Some daemons can manage this by themselves (once again: check  php-fpm  "dynamic" setting).

Serverino can do it as well. You can set in configuration the max and min number of workers. It's easy:

```
@onServerInit auto setup()
{
    ServerinoConfig sc = ServerinoConfig.create();
    sc.setMinWorkers(5);
    sc.setMaxWorkers(100);
    return sc;
}
```

If all workers are busy the daemon will launch a new one. You might be interested in
setMaxWorkerLifetime() and  sc.setMaxWorkerIdling() too!

> But the nicest thing about all these application models is if you write it in the right way, you can swap out the approach, either transparently adding the i/o event waits or just adding additional servers without touching the application code. That's a lot harder to do when you expect shared state etc. like other things encourage.

I would mention that if something goes wrong and a process crash or get caught in an infinite loop, it's not a problem. Process is killed and wake up again without pull all the server down.

Andrea


May 10, 2022

On Tuesday, 10 May 2022 at 13:15:38 UTC, Ola Fosheim Grøstad wrote:

>

On Tuesday, 10 May 2022 at 12:52:01 UTC, Andrea Fontana wrote:

>

I'm running a whole website in D using fastcgi and we have no problem at all, it's blazing fast. But it's not so easy to setup as serverino :)

Easy setup is probably the number one reason people land on a specific web-tech, so it is the best initial angle, I agree.

(By version 3.x you know what the practical weak spots are and can rethink the bottom layer.)

Right. But it's not just marketing.

I work in the R&D and every single time I even have to write a small api or a simple html interface to control some strange machine I think "omg, I have to set nginx agaaaaaain". It's pretty annoying especially if you're working on shared aws machine. (I know, docker & c. Exist, but they take a lot to setup and they are heavy for some simple api). I'm going to love serverino in the next months :)

May 10, 2022

On Monday, 9 May 2022 at 19:20:27 UTC, Andrea Fontana wrote:

>

Thank you.
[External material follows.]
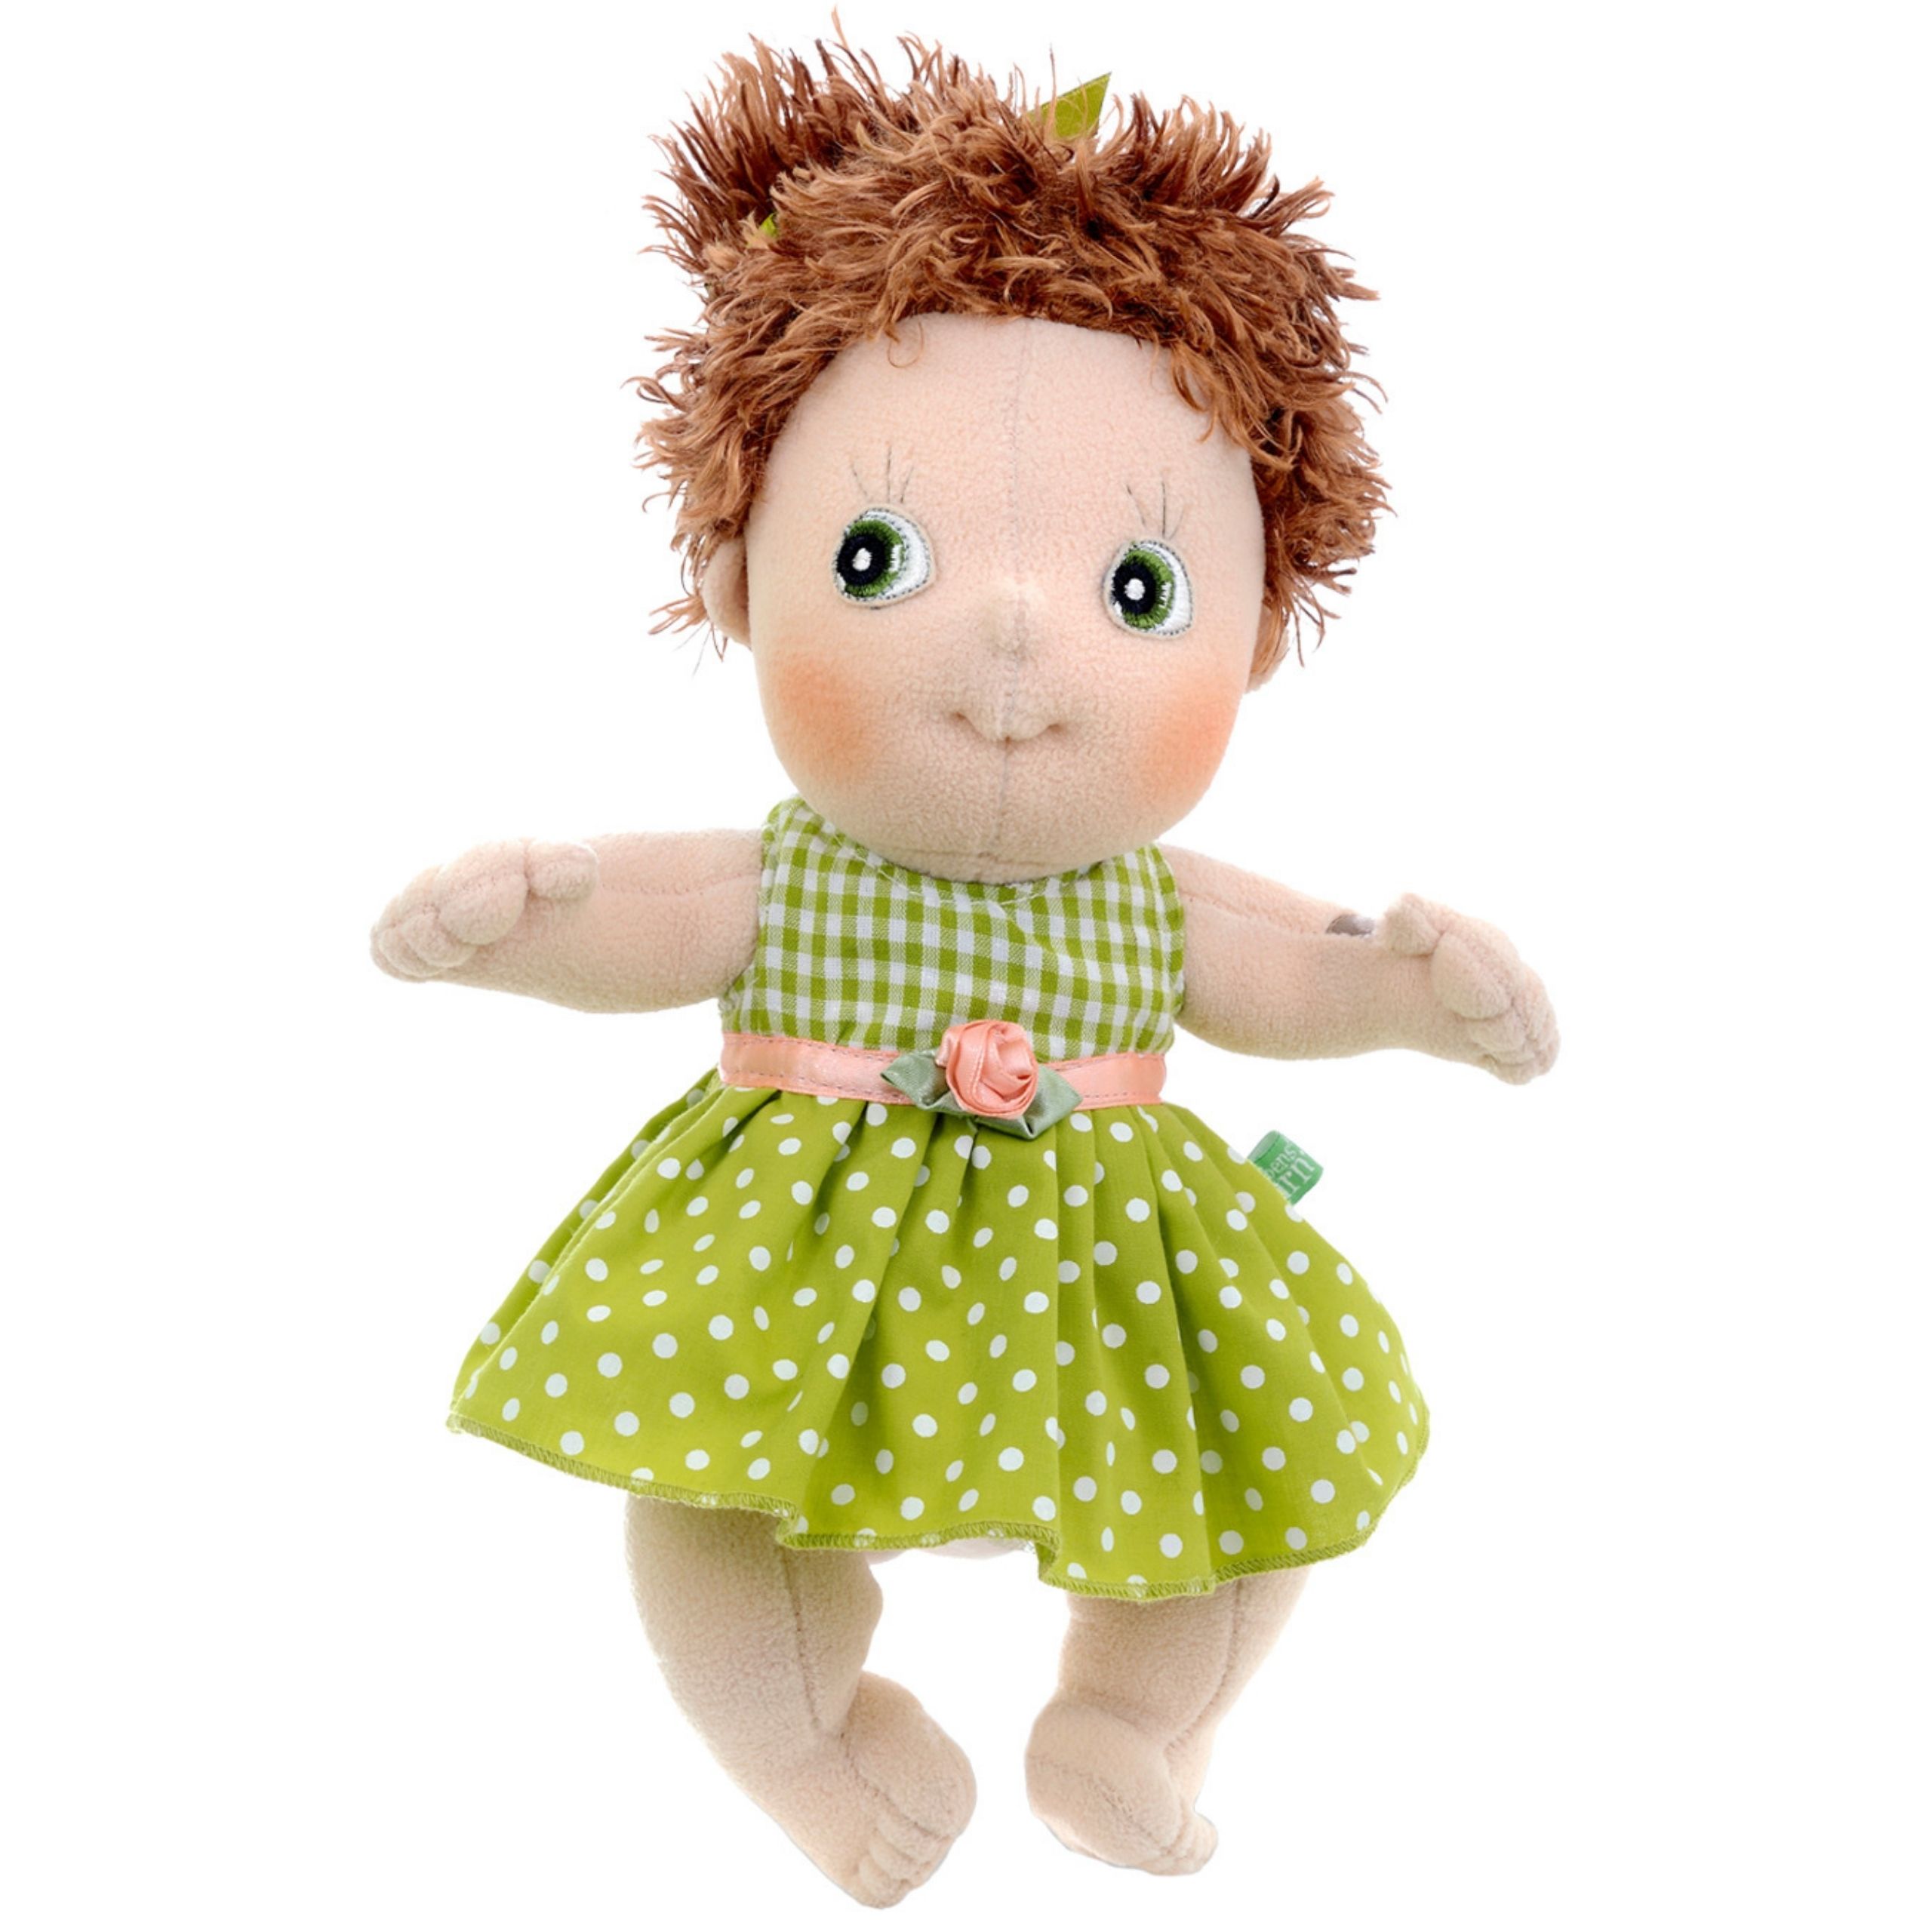 Dolls rubens barn soft doll karin	cutie classic

Looking forward to getting feedback, bug reports and help :)

BTW I'm curious, what made you not want to use my cgi.d which has similar capabilities?

May 10, 2022

On Tuesday, 10 May 2022 at 15:01:43 UTC, Adam Ruppe wrote:

>

On Monday, 9 May 2022 at 19:20:27 UTC, Andrea Fontana wrote:

>

Thank you. Looking forward to getting feedback, bug reports and help :)

BTW I'm curious, what made you not want to use my cgi.d which has similar capabilities?

I was really tempted to start from that!
But it's difficult to fork and edit a 11kloc project like that :)

I had yet developed fastcgi and scgi code in the past so I've reused some code and it didn't take so much time to get to serverino.